For this, I used a mismash of autossh and my ssh-agent (in KeePass/KeeAgent).
The ssh package does have a function to Create a Tunnel. The premise is that you have already created a "session" to which you can add a forwarding rule(s). When using ssh::ssh_tunnel, it is blocking, meaning you cannot use it in the same R process and continue to work. Demo:
# R session 1
sess <- ssh::ssh_connect("user#remote")
# insert passphrase
ssh::ssh_tunnel(sess, 21433, "otherremote:1433")
# / Waiting for connection on port 21433...
# R session 2
con <- DBI::dbConnect(..., port=21433)
DBI::dbGetQuery(con, "select 1 as n")
# n
# 1 1
This connection will stay alive so long as con is not closed and the remote end does not close it (e.g., activity timeout).
Note: I cannot get the ssh package to use my ssh-agent, so all passwords must be typed in or otherwise passed in not-ideal ways. There are many ways to not have to type it, such as using the keyring package (secure) or envvars, both of which would pass the password to ssh_connect(..., passwd=<>).
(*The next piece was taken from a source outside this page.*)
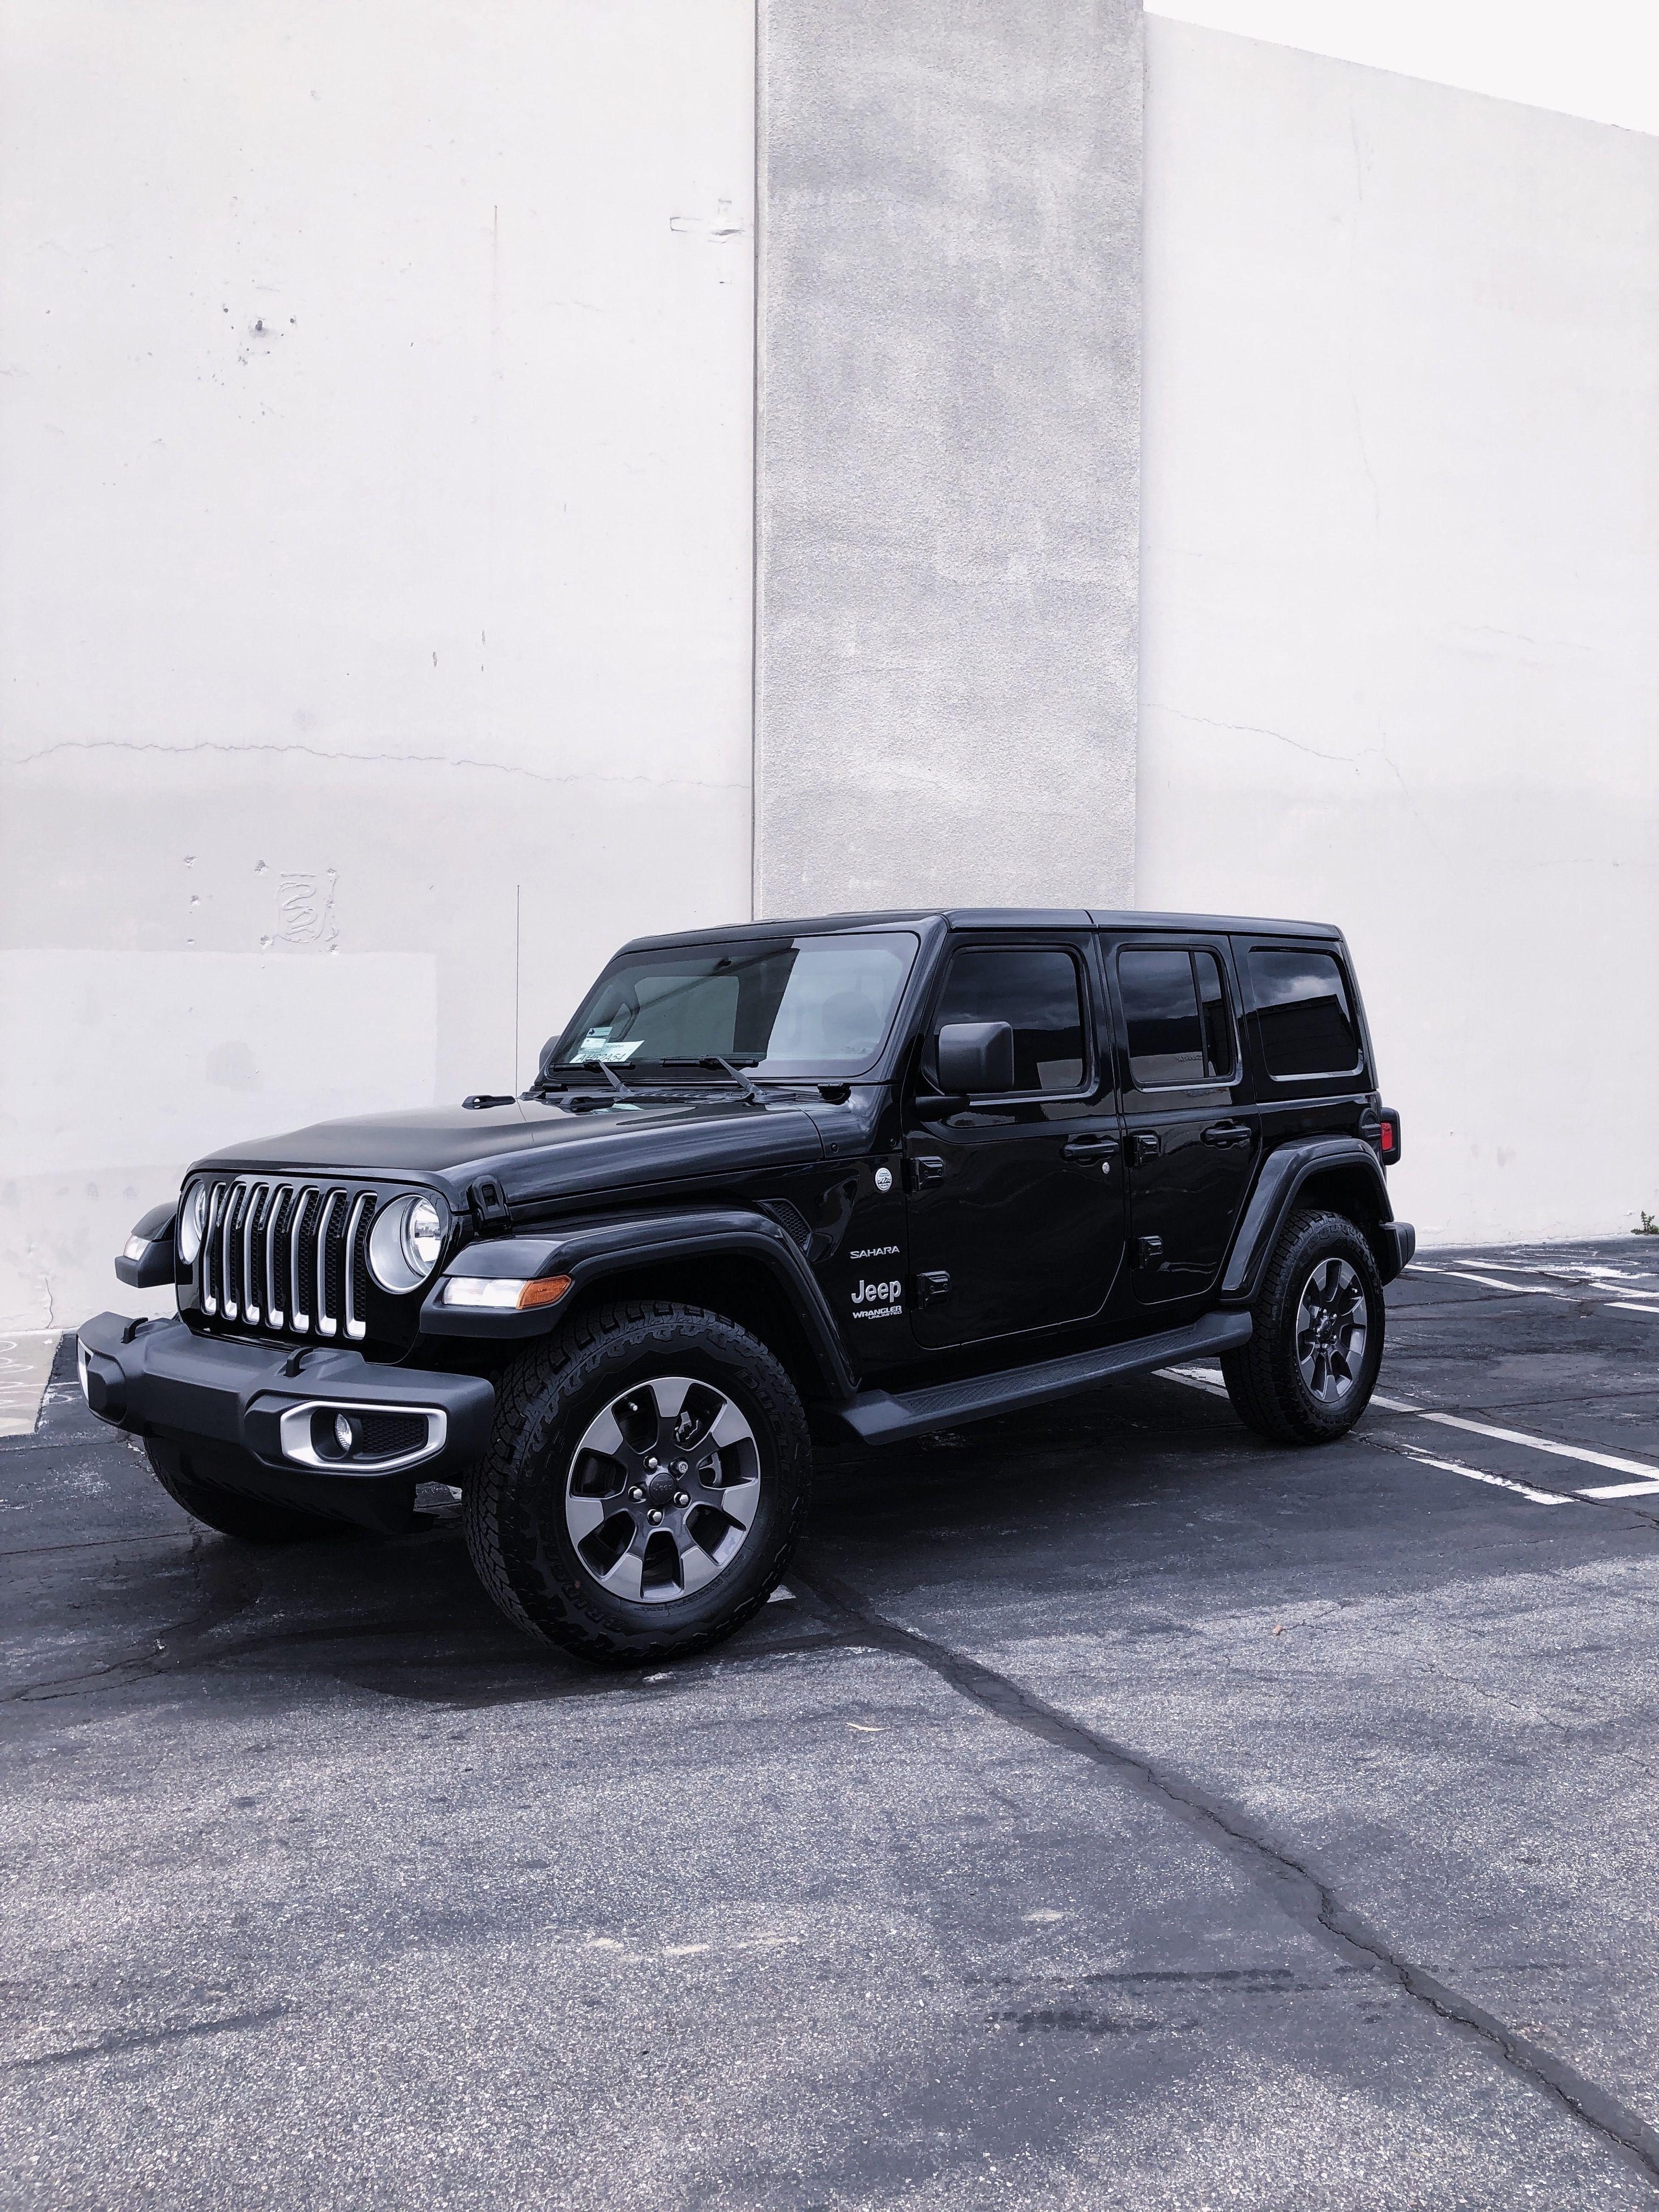 Black Jeep Wrangler Jl Sahara Cars Black Jeep Wrangler Jeep Dreamland In 2020 Wrangler Jeep Jeep Wrangler Schwarzer Jeep

The above, but using callr so that you don't need to explicit sessions active (though you will still have another R session.
bgr <- callr::r_bg(function() {
ssh <- ssh::ssh_connect("r2#remote", passwd=keyring::key_get("r2", "remote"))
ssh::ssh_tunnel(ssh, port=21433, "otherremote:1433")
}, supervise = TRUE)
DBI::dbGetQuery(con, "select 1 as n")
# n
# 1 1
### when your work is done
bgr$kill()
If you do this, I strongly recommend the use of supervise=TRUE, which ensures the background R process is killed when this (primary) R session exits. This will reduce the risk of having phantom unused R sessions hanging around; in addition to just clogging up the process tree, if one of these phantom R processes is actively forwarding a port, that means nothing else can forward that port. This allows you to continue working, but you are not longer in control of the process doing the forwarding ... and subsequent attempts to tunnel will fail.
FYI, I generally prefer using keyring::key_get("r2", "remote") for password management in situations like this: (1) it prevents me from having to set that envvar each time I start R ... which will inadvertently store the plain-string password in ~/.Rhistory, if saved; (2) it prevents me from having to set that envvar in the global environment permanently, which is prone to other stupid mistakes I make; and (3) is much better protected since it is using the native credentials of your base OS. Having said that, you can replace the above use of keyring::key_get(..) with Sys.getenv("mypass") in a pinch, or in a case where the code is running on a headless system where a credentials manager is unavailable.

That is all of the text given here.